_EXERCISE AIM_
Set the data down again, exactly as it reads, but without the pictures.

_GIVEN INFORMATION_
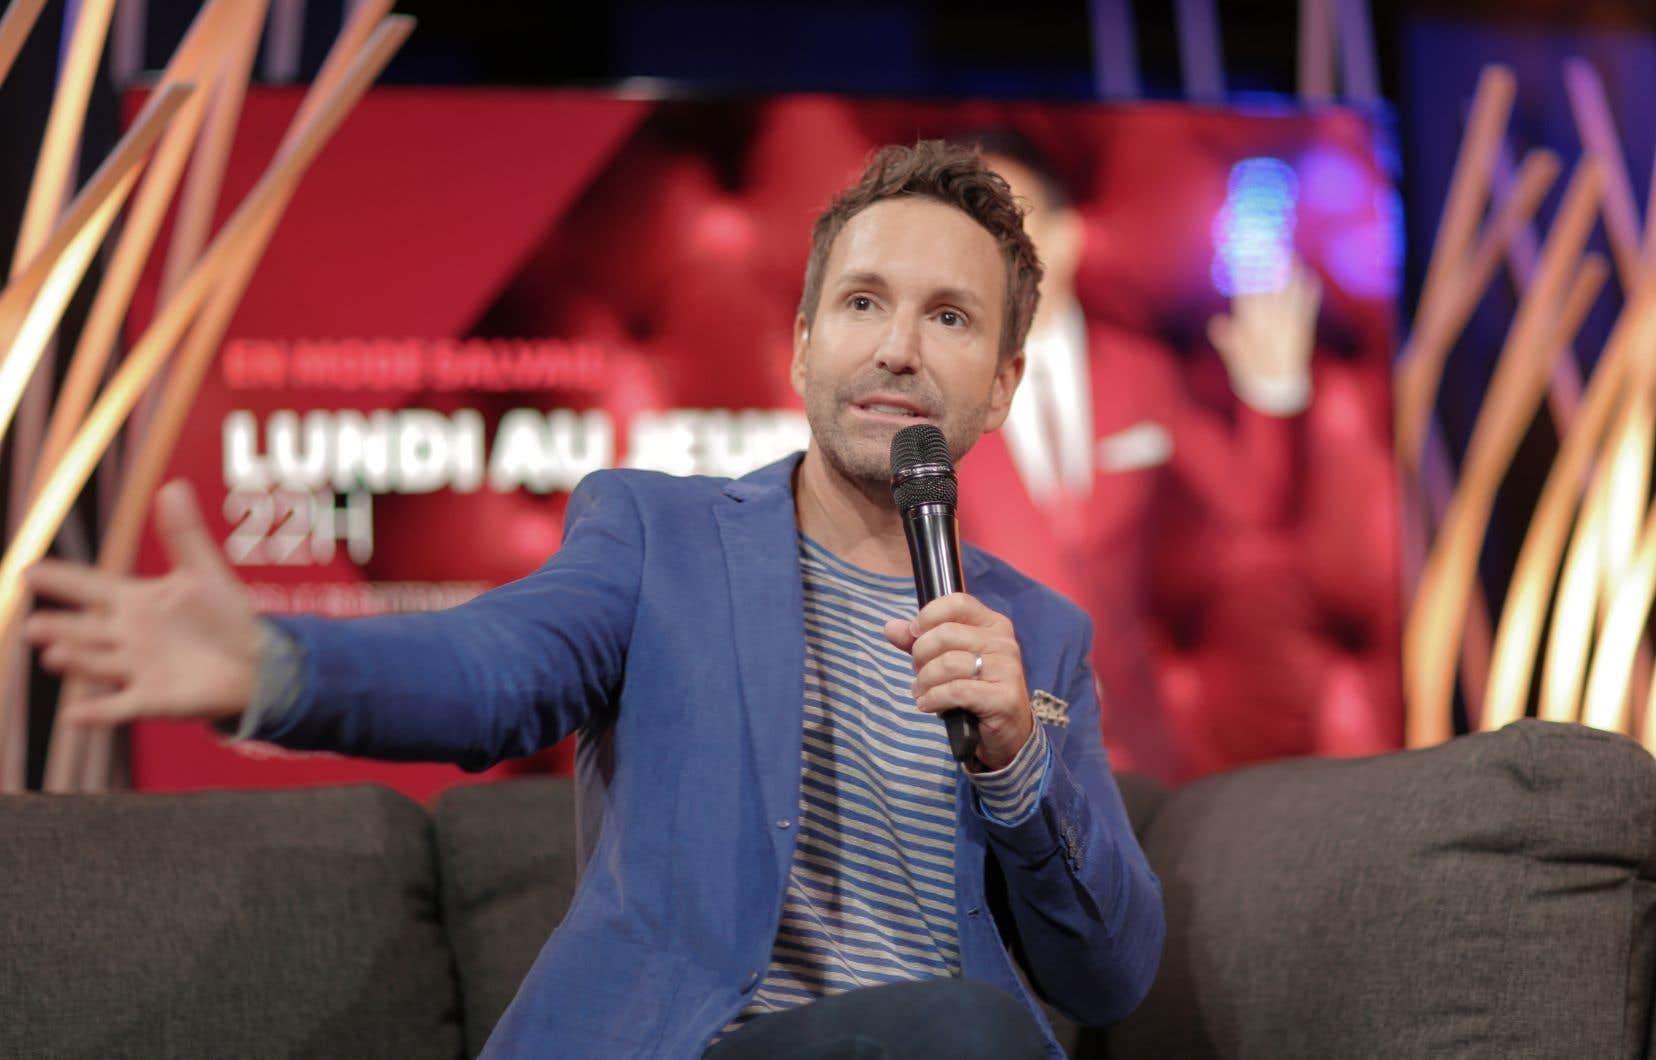 À l'automne 2017, Éric Salvail avait brusquement quitté la sphère médiatique québécoise après des allégations d'inconduite sexuelle.
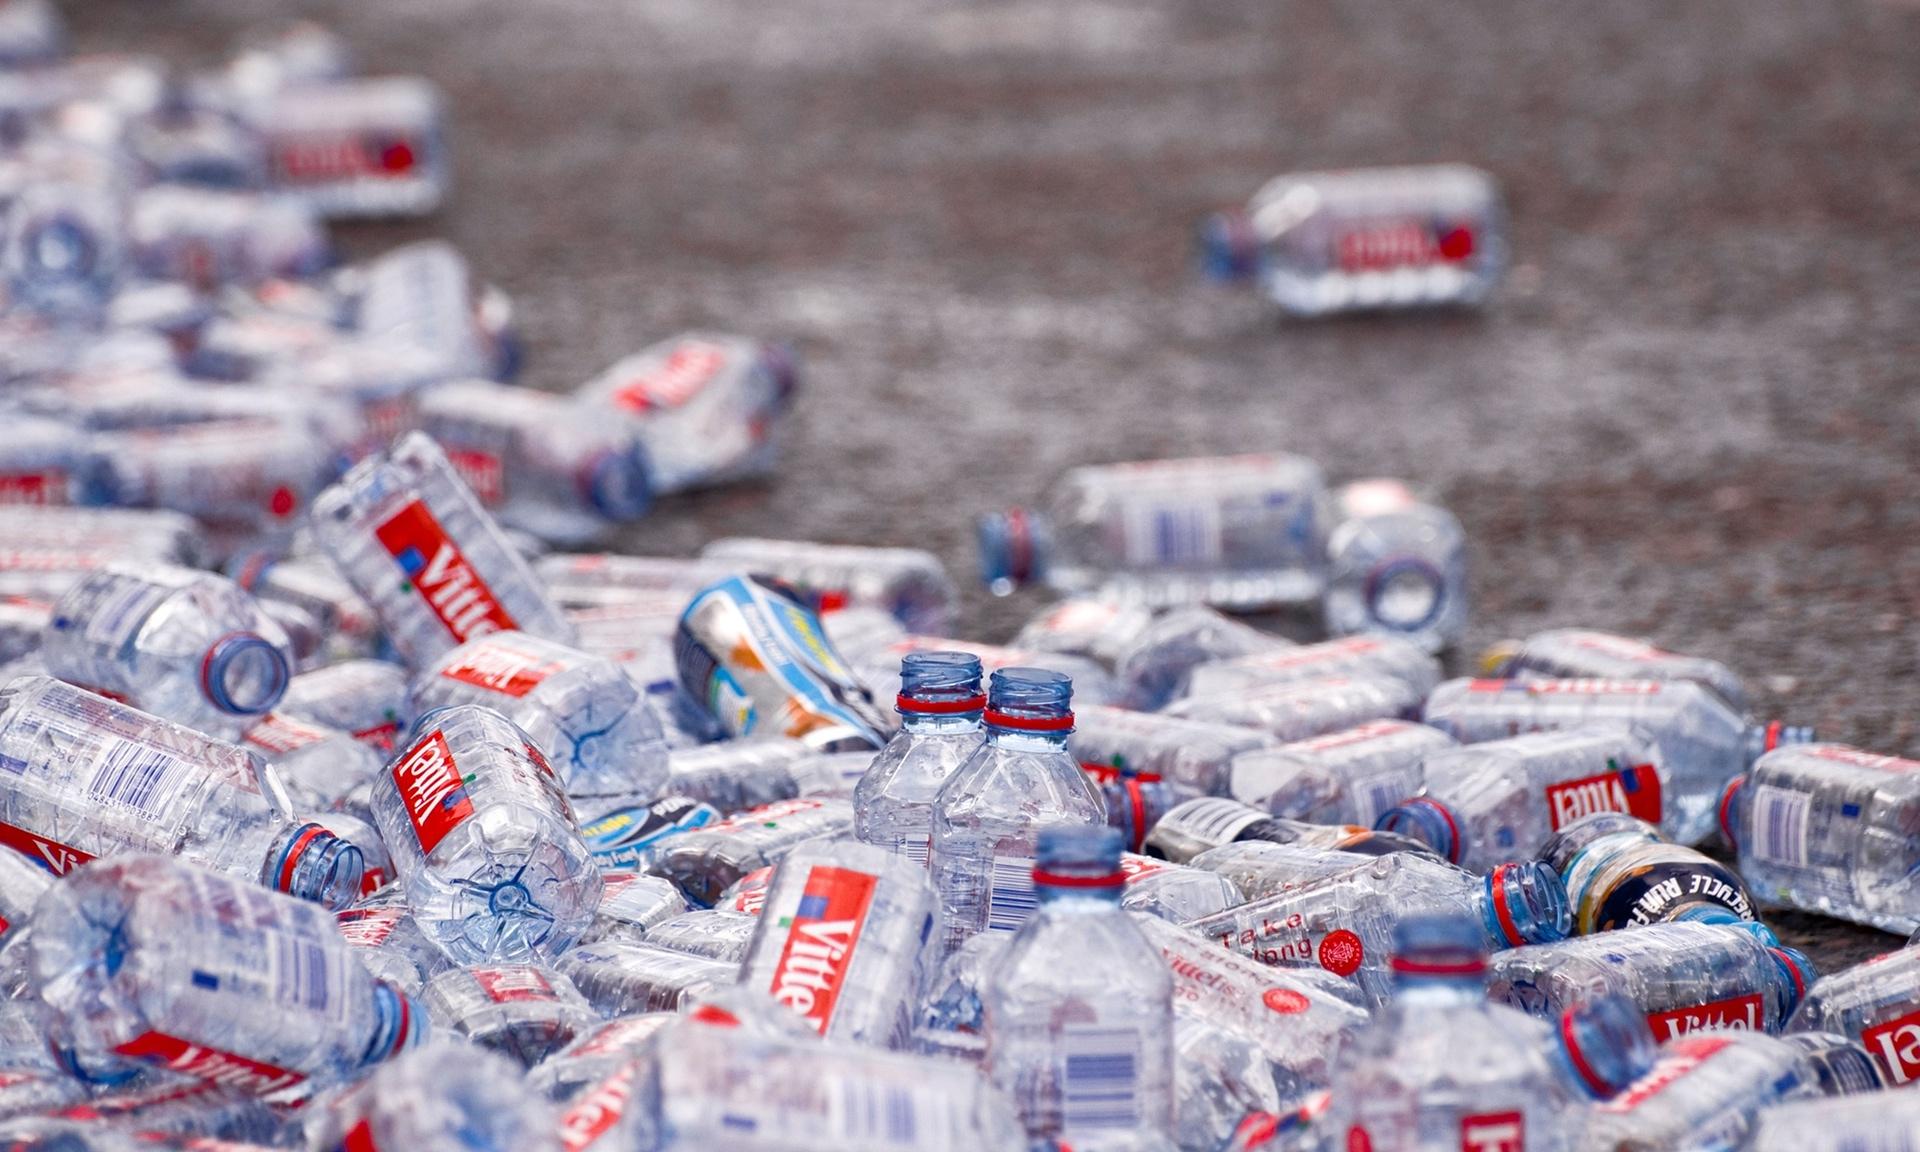 Botellas de plástico abandonadas en el suelo después de la maratón de Londres, fotos de Tracy Gunn / Alamy
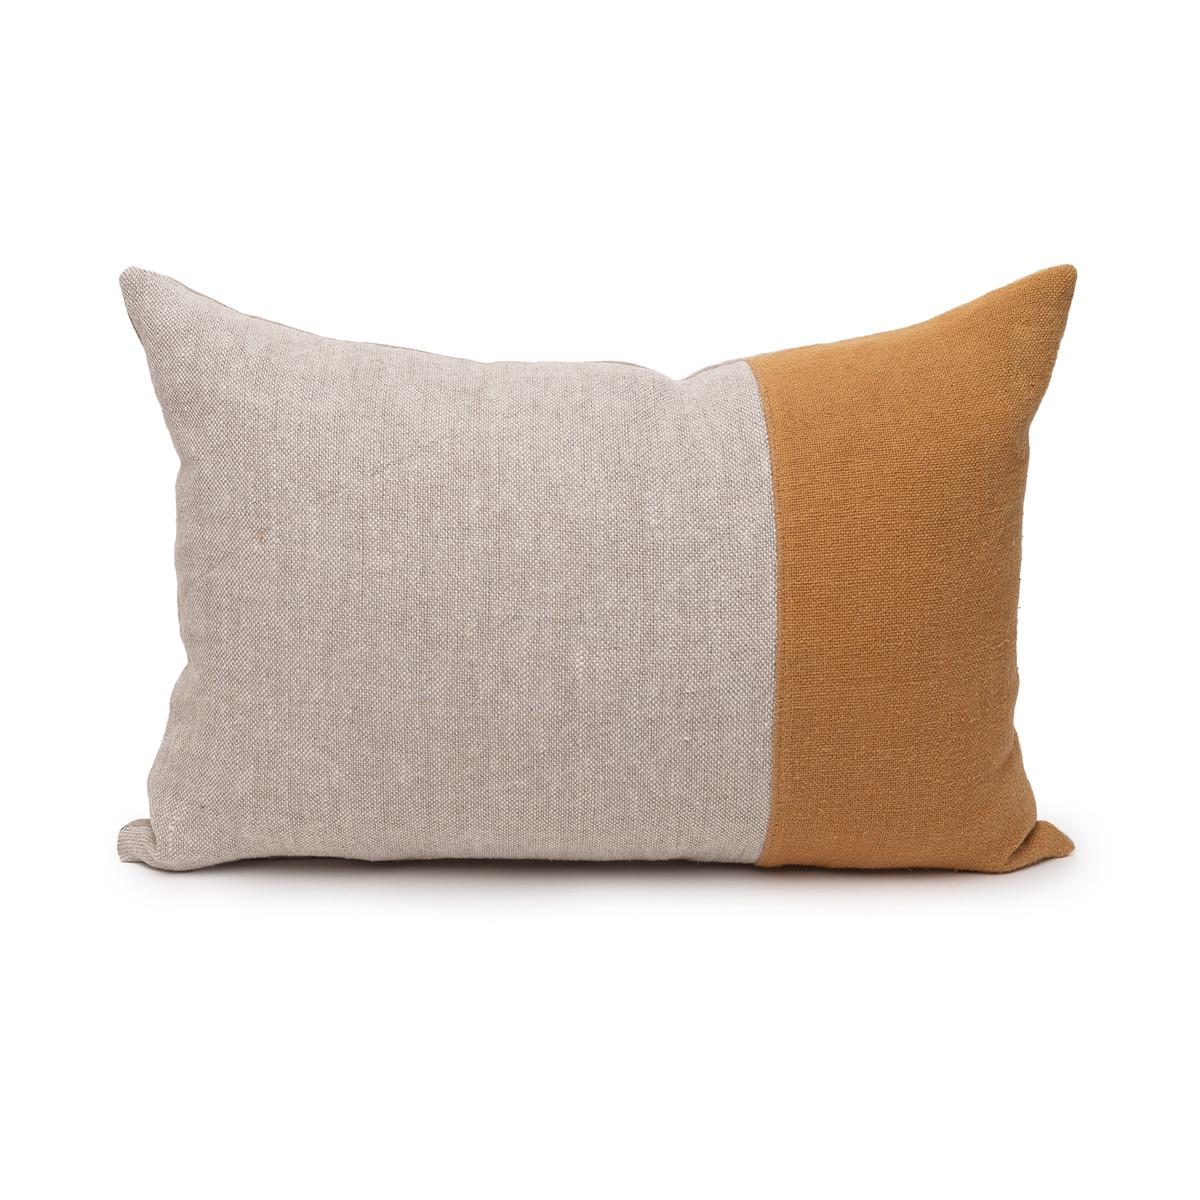 Dime Dijon Mustard and Natural Linen Lumbar Pillow - 14 x 20  -Front

_THE ANSWER_
 À l'automne 2017, Éric Salvail avait brusquement quitté la sphère médiatique québécoise après des allégations d'inconduite sexuelle.
 Botellas de plástico abandonadas en el suelo después de la maratón de Londres, fotos de Tracy Gunn / Alamy
 Dime Dijon Mustard and Natural Linen Lumbar Pillow - 14 x 20  -Front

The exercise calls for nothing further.